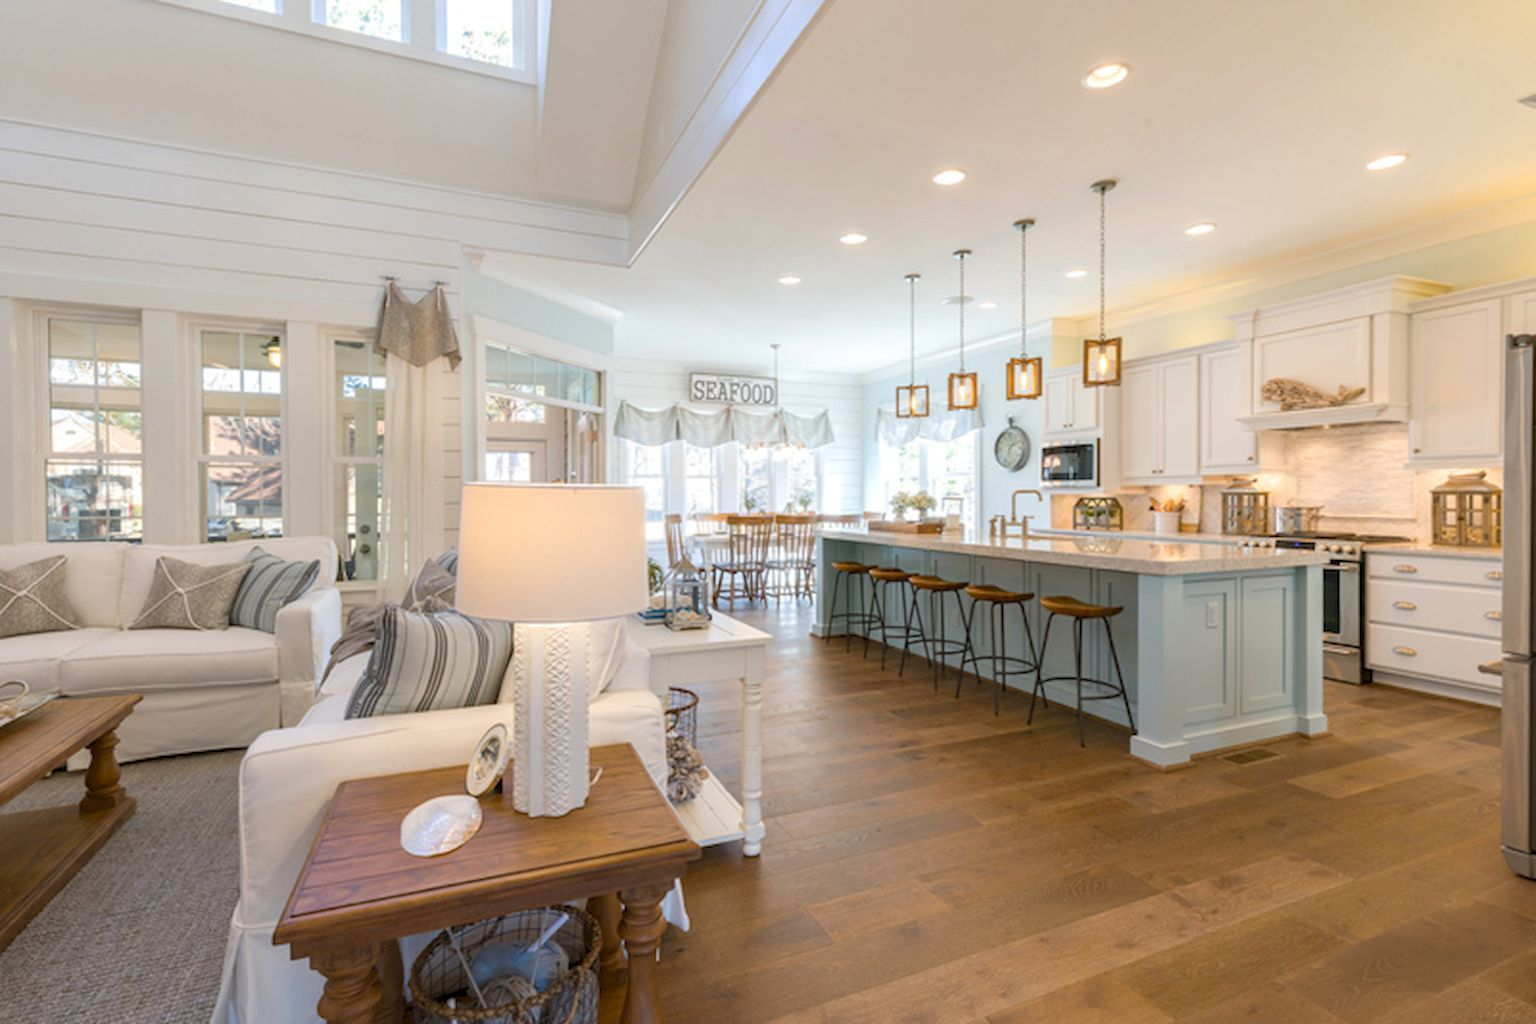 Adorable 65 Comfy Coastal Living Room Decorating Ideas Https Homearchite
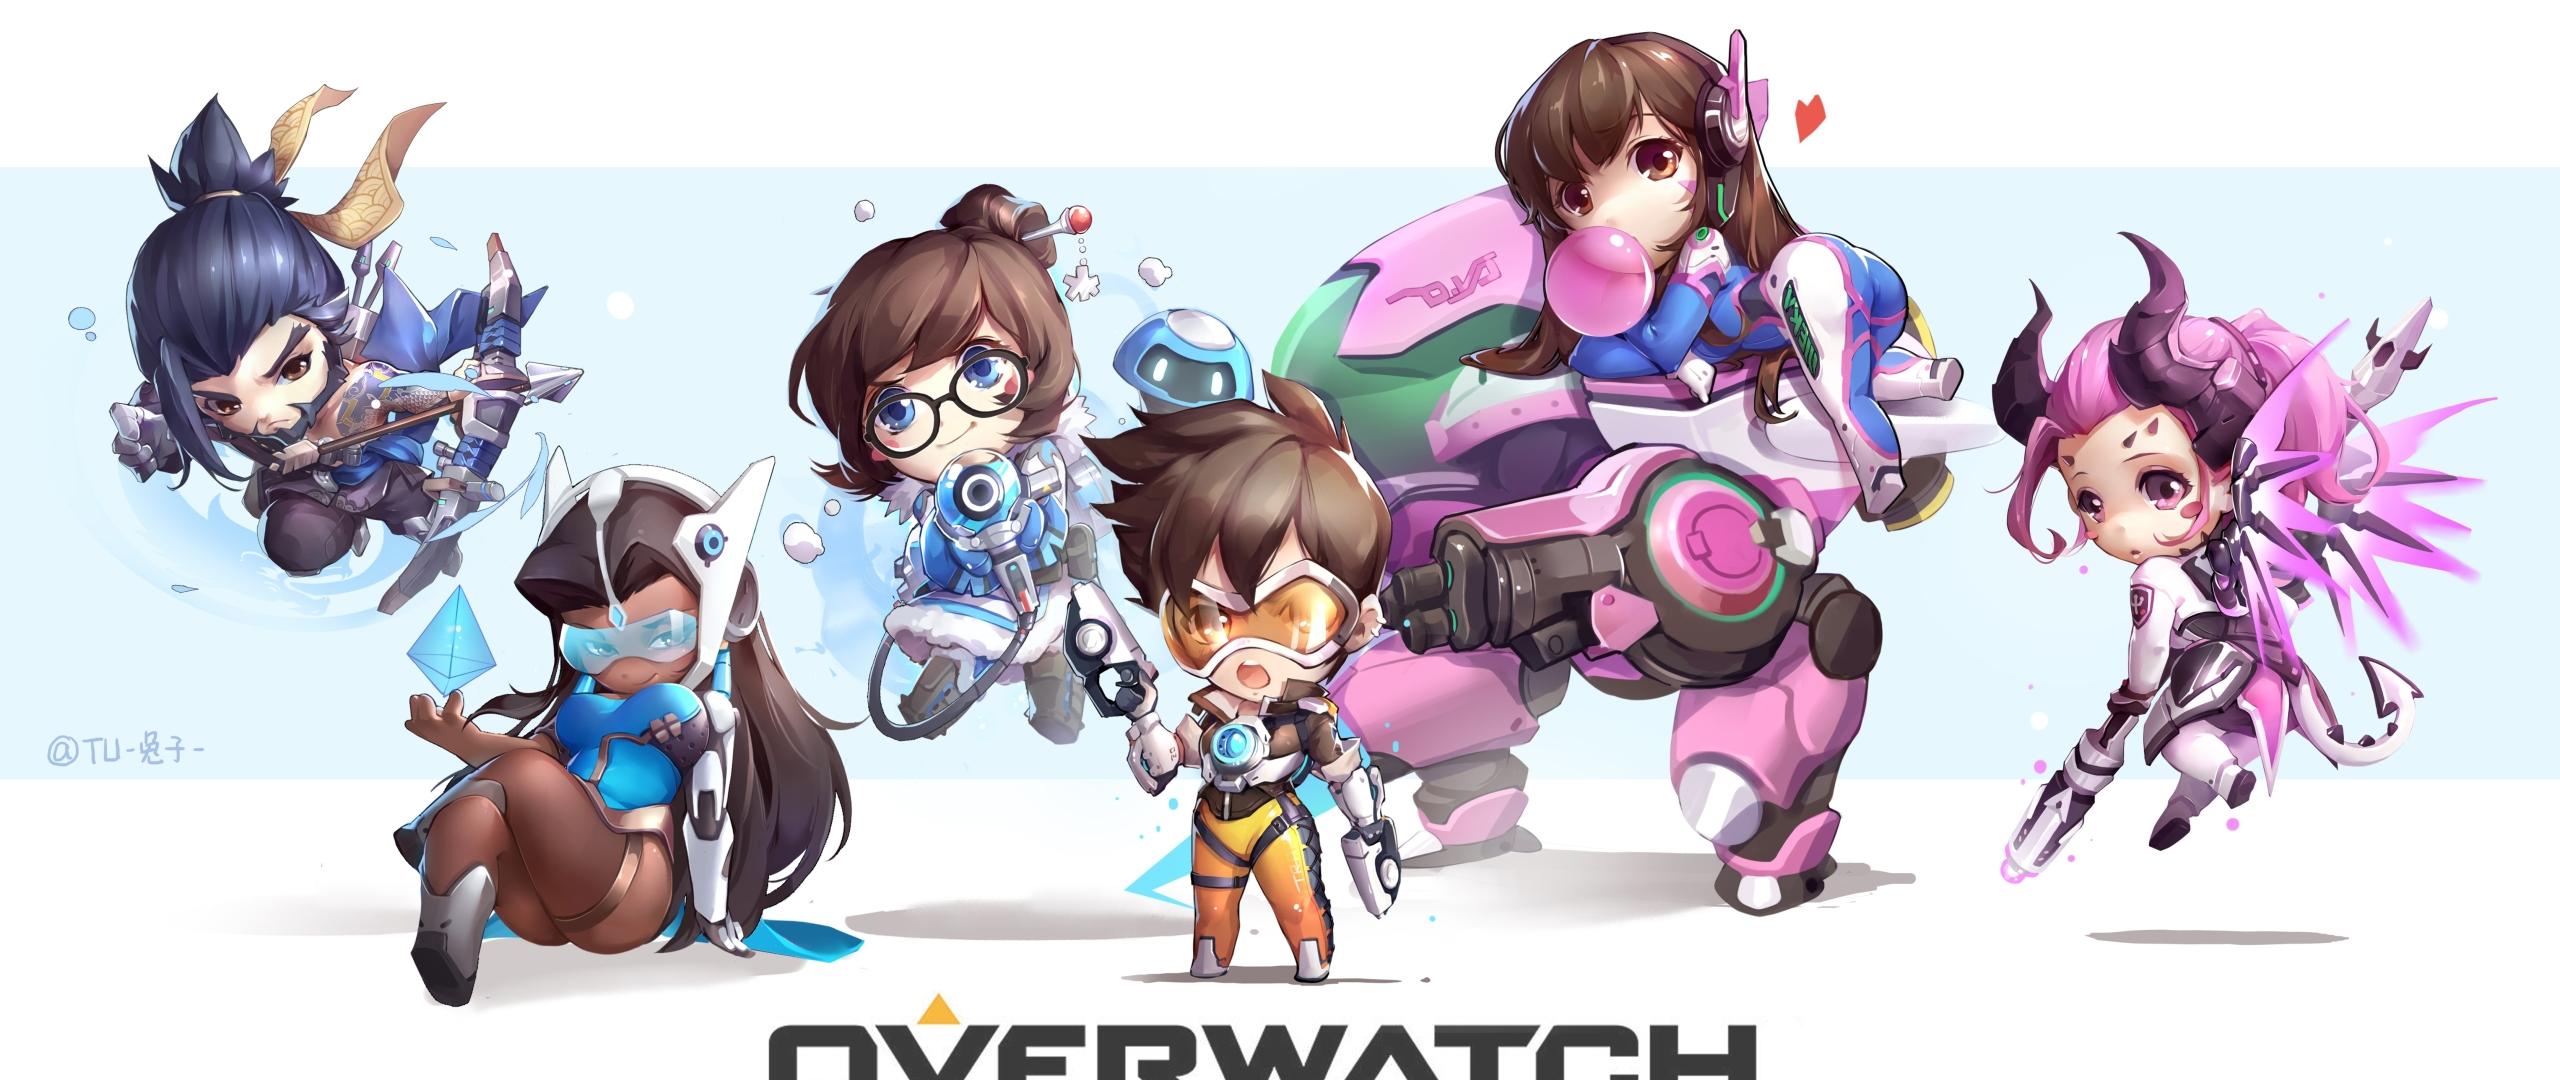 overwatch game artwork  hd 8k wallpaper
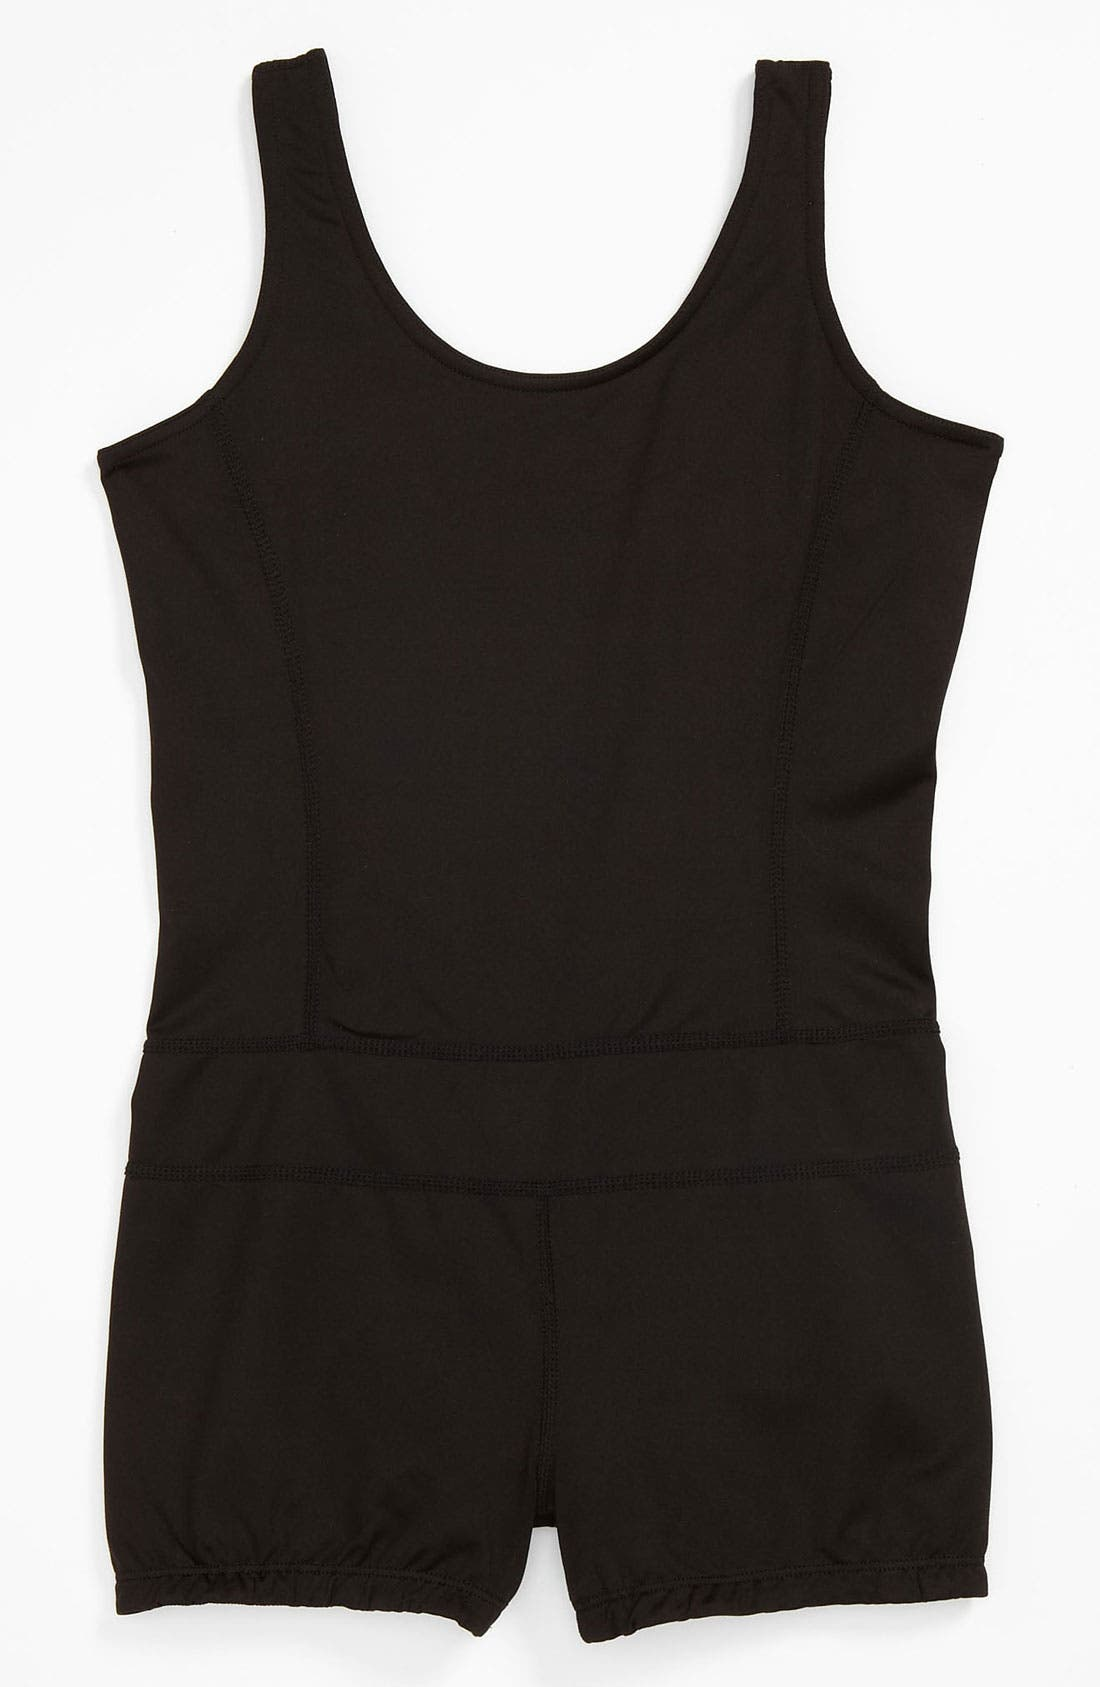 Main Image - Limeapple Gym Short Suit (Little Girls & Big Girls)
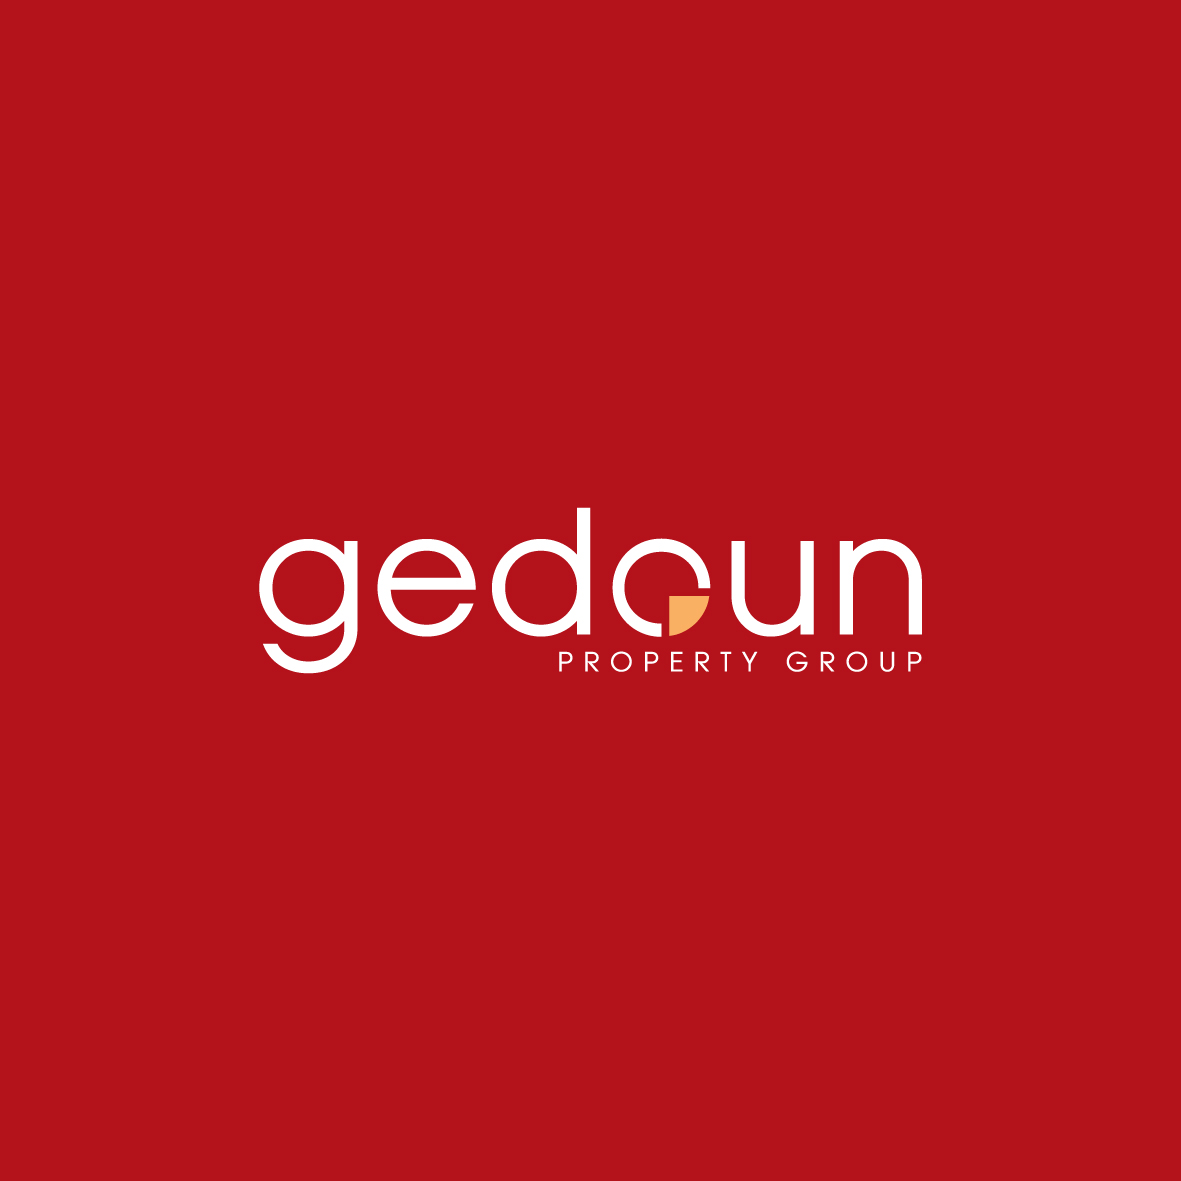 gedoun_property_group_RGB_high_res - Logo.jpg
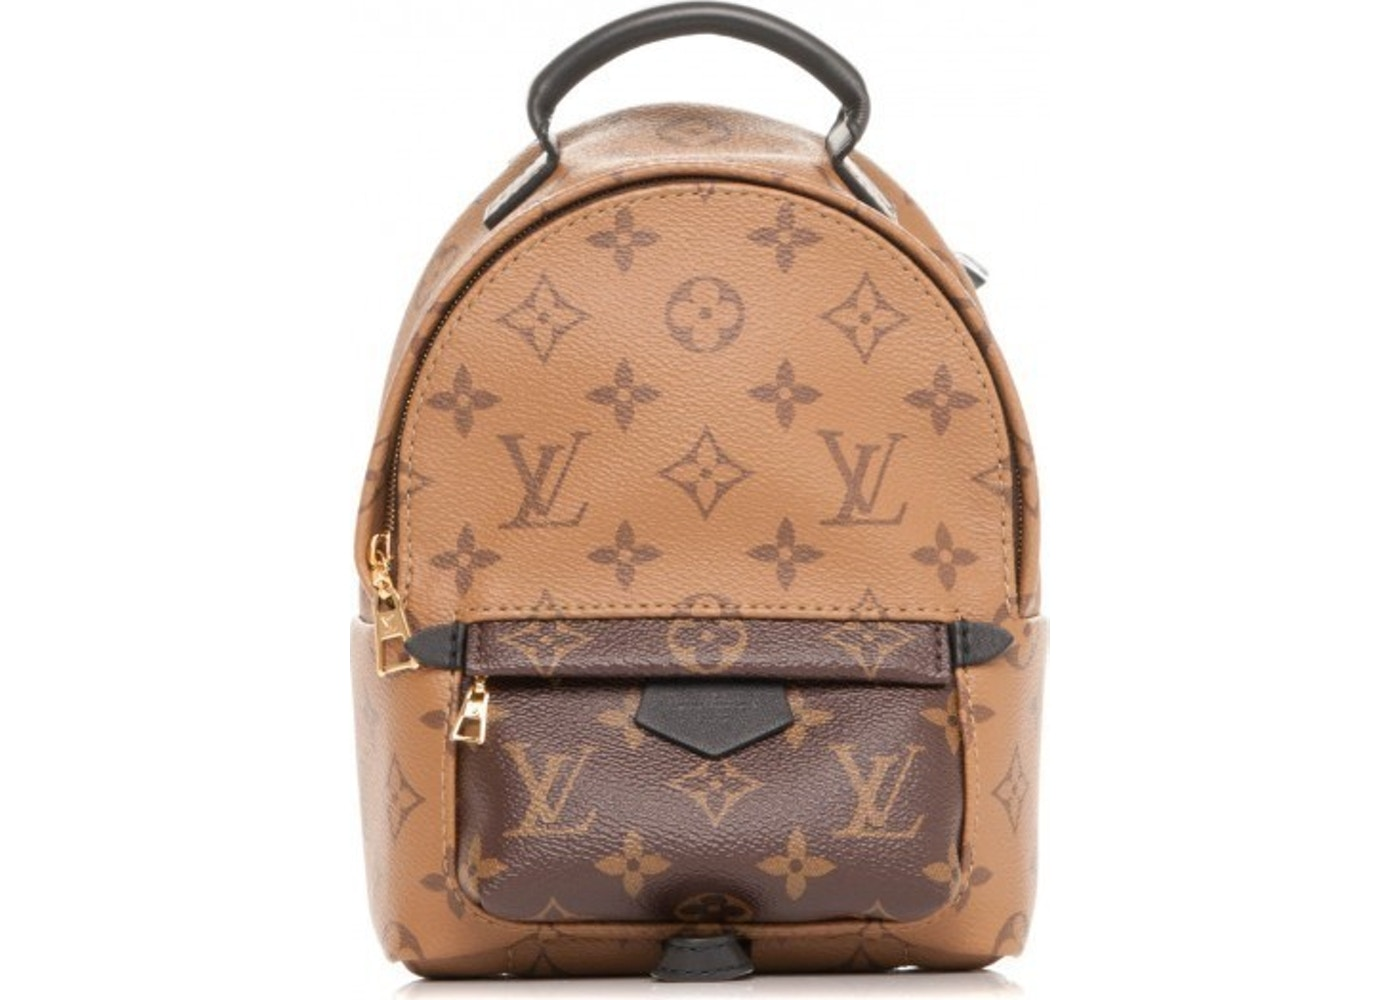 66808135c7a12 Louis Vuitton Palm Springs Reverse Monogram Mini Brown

+++++

WORK TO COMPLETE —
Take the line that contains "Main Image - Limeapple" and every line after it down to the last line of the entries above, and output them exactly, with nothing else and no pictures.

RESPONSE AREA —
 Main Image - Limeapple Gym Short Suit (Little Girls & Big Girls)
 gedoun_property_group_RGB_high_res - Logo.jpg
 66808135c7a12 Louis Vuitton Palm Springs Reverse Monogram Mini Brown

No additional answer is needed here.